I think also regarding the energy efficiency goal it would be good to revisit all of this and come up with an approach that avoids clearly needless indexing work. I bet that indexing files and mails is easily the most energy and resource consuming aspect of Plasma desktop and KDE applications.
Comment 16 tagwerk19 2021-06-26 11:46:58 UTC
(In reply to Martin Steigerwald from comment #14)
> ...  Possibly the best approach
> is to use the statfs() systemcall to get the "f_fsid" field.  This is
> 64bits.  It is not supported uniformly well by all filesystems, but I
> think it is at least not worse than using the device number ...
I see that "stat -f testfile.txt" gives a 64-bit ID.

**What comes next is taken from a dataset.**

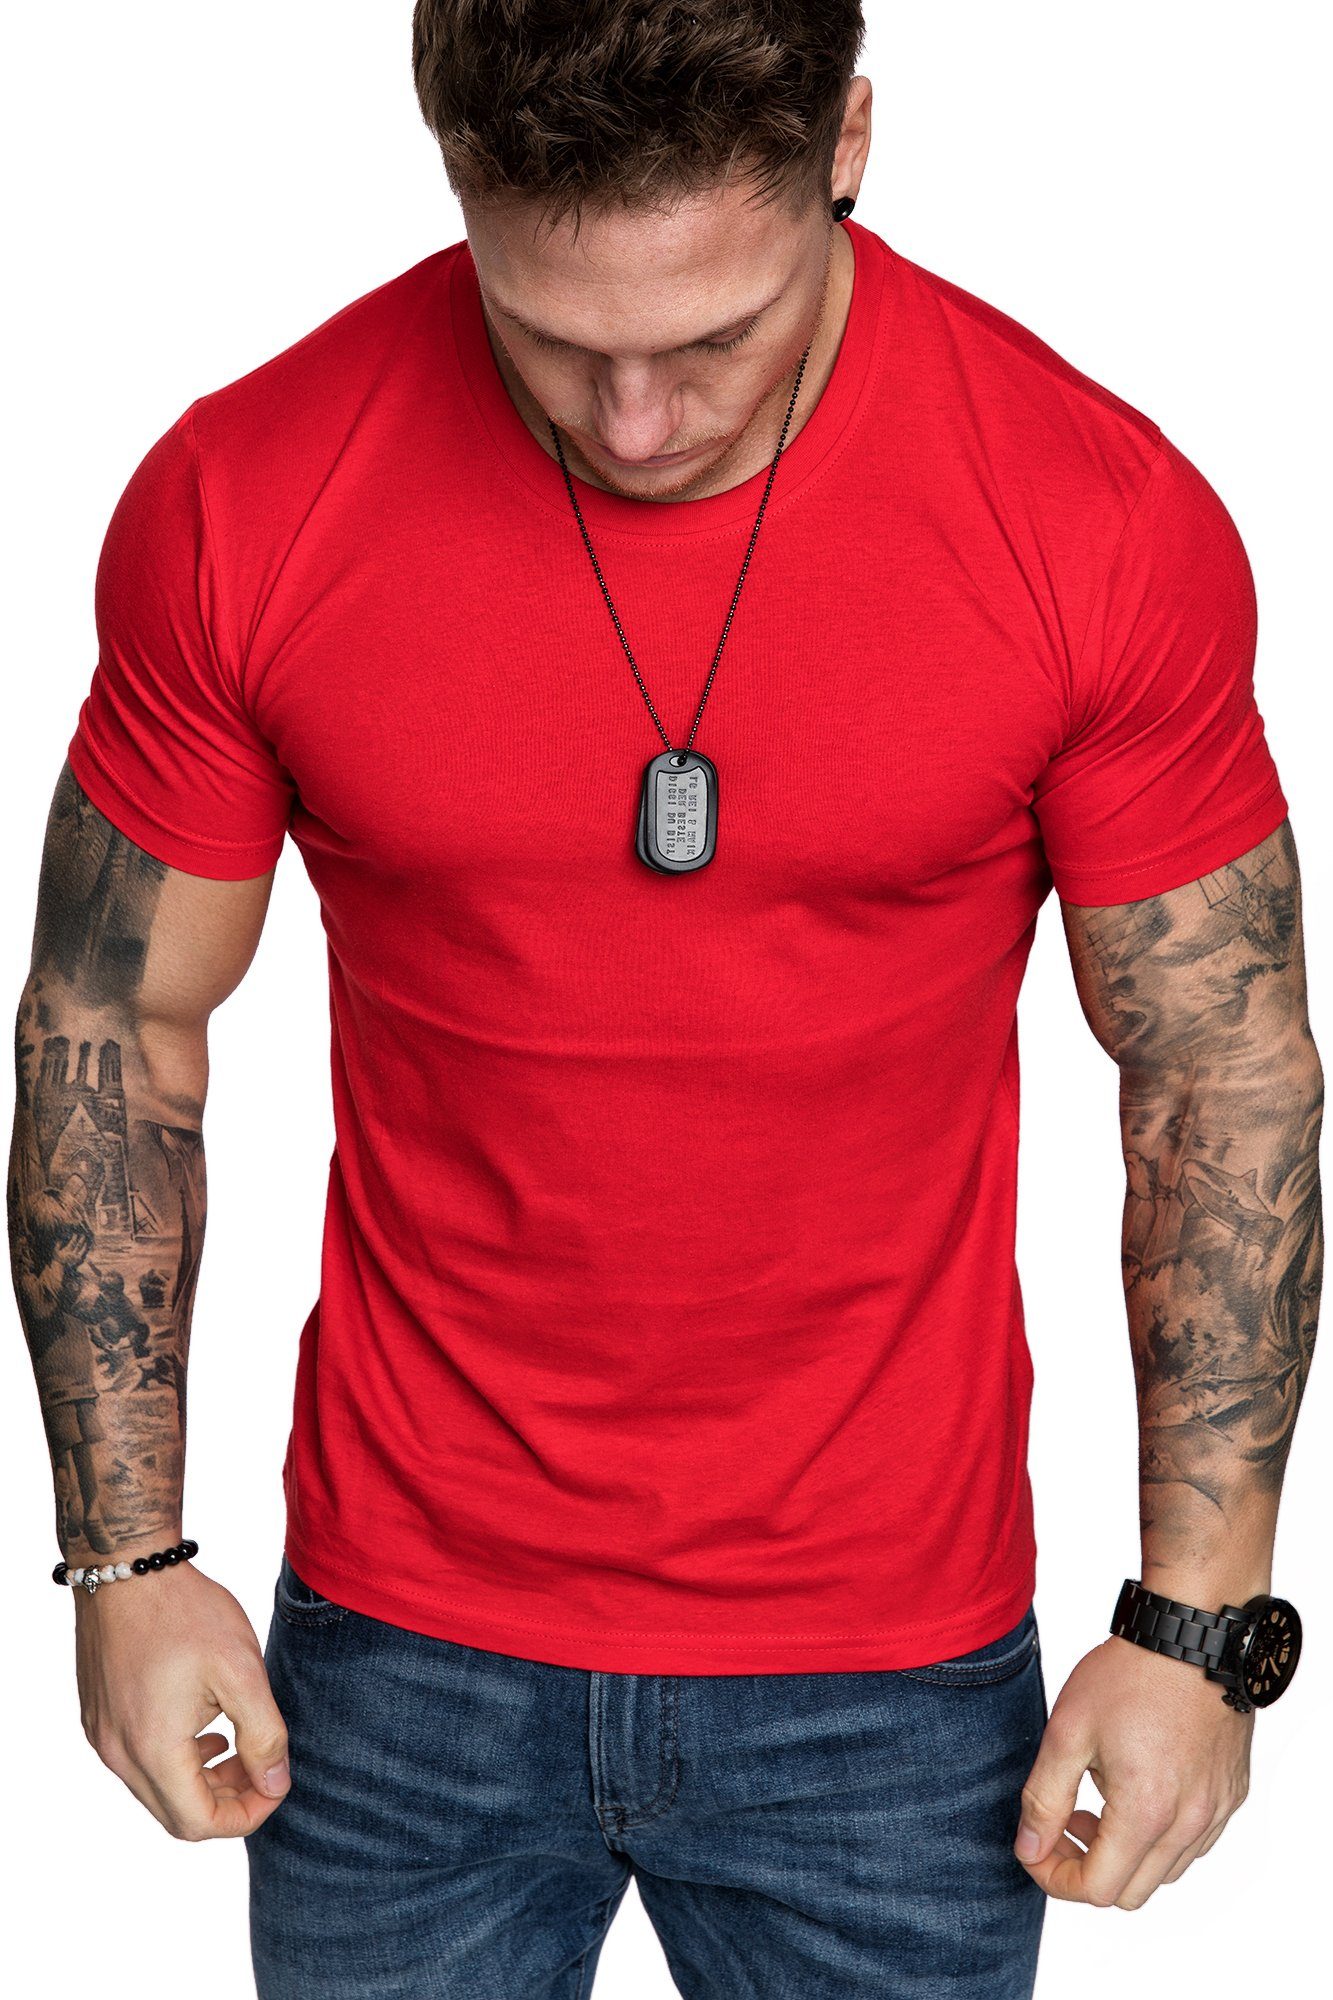 T-Shirt mit Rot T-Shirt Amaci&Sons Crew Basic Rundhalsausschnitt Einfarbig LANCASTER Vintage Herren Basic Rundhalsausschnitt Shirt Neck
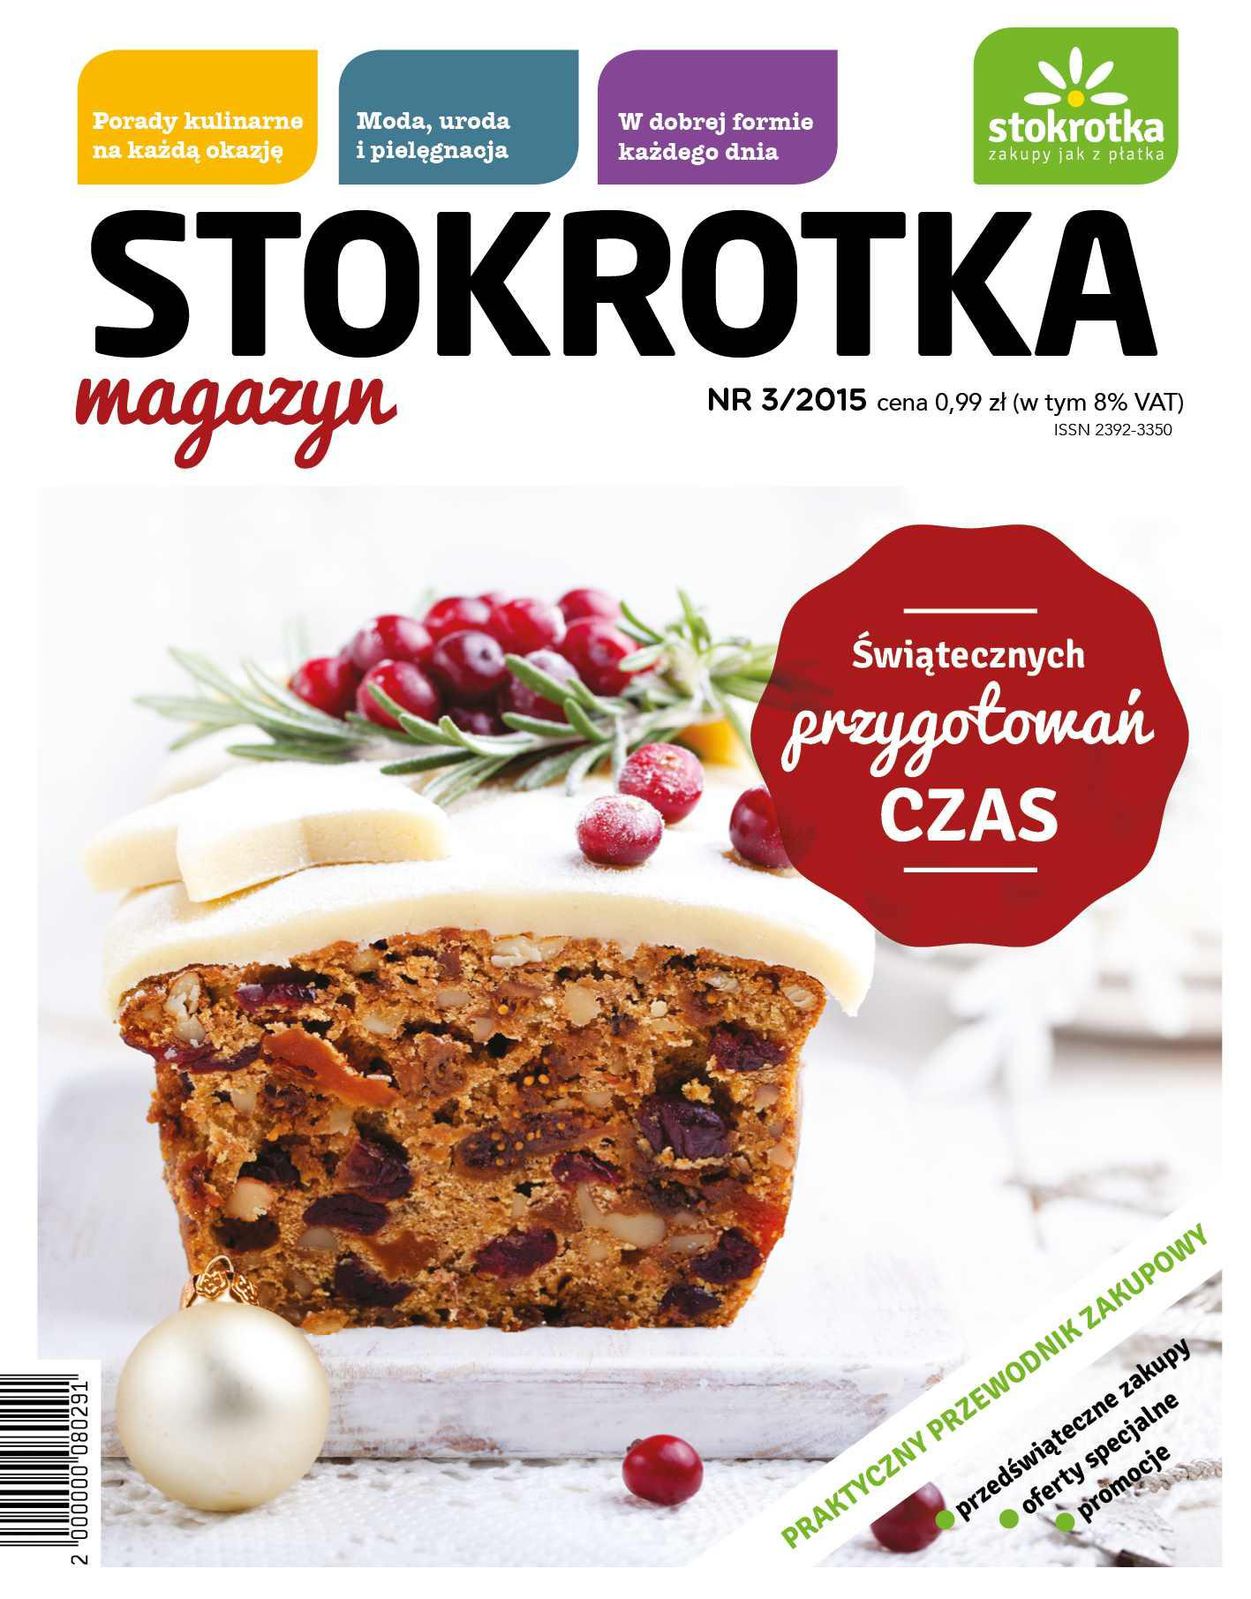 Gazetka promocyjna Stokrotka do 31/12/2015 str.0

I've been comparing that to the minor device number and BTRFS subvolid in openSUSE. That ID appears stable (in my very constrained tests). I wasn't able to dig up a lot about a "64 bit" fsid with the help of Google...

> ... And
> for filesystems not supporting it, it would at least not be worse than
> before ...
It's not clear how to find that out :-)

The kernel.org thread does look interesting through, let me see if I can follow all the subtleties. I did try "requesting" mounts to be done in a particular order (via x-systemd.requires). No joy...
    https://bugs.kde.org/show_bug.cgi?id=402154#c24

> What do you think?
We're dependent on a willing developer. Alas, that's not my forte ...
Comment 17 tagwerk19 2021-06-26 22:55:44 UTC
(In reply to Martin Steigerwald from comment #15)
> What for does Baloo need an invariant for the file?
As I understand it... internally, it is the key within the index. It also allows "missed changes" to be reconciled if baloo is not running when the file is changed or has missed the inotify.

> Why wouldn't a rename mess things up without an invariant (device number
> or filesystem id)? Or otherwise put how would having device/filesystem
> unique invariant help with a rename?
I think "the trap" is to avoid reindexing everything in a large folder tree if you rename the top foldername. You need a way to tell if oldtree/x/y/z is the same file as newname/x/y/z or not...

From my experience, baloo has to react to inotify events and also be able to smoothly recover/catch up if the events are missed.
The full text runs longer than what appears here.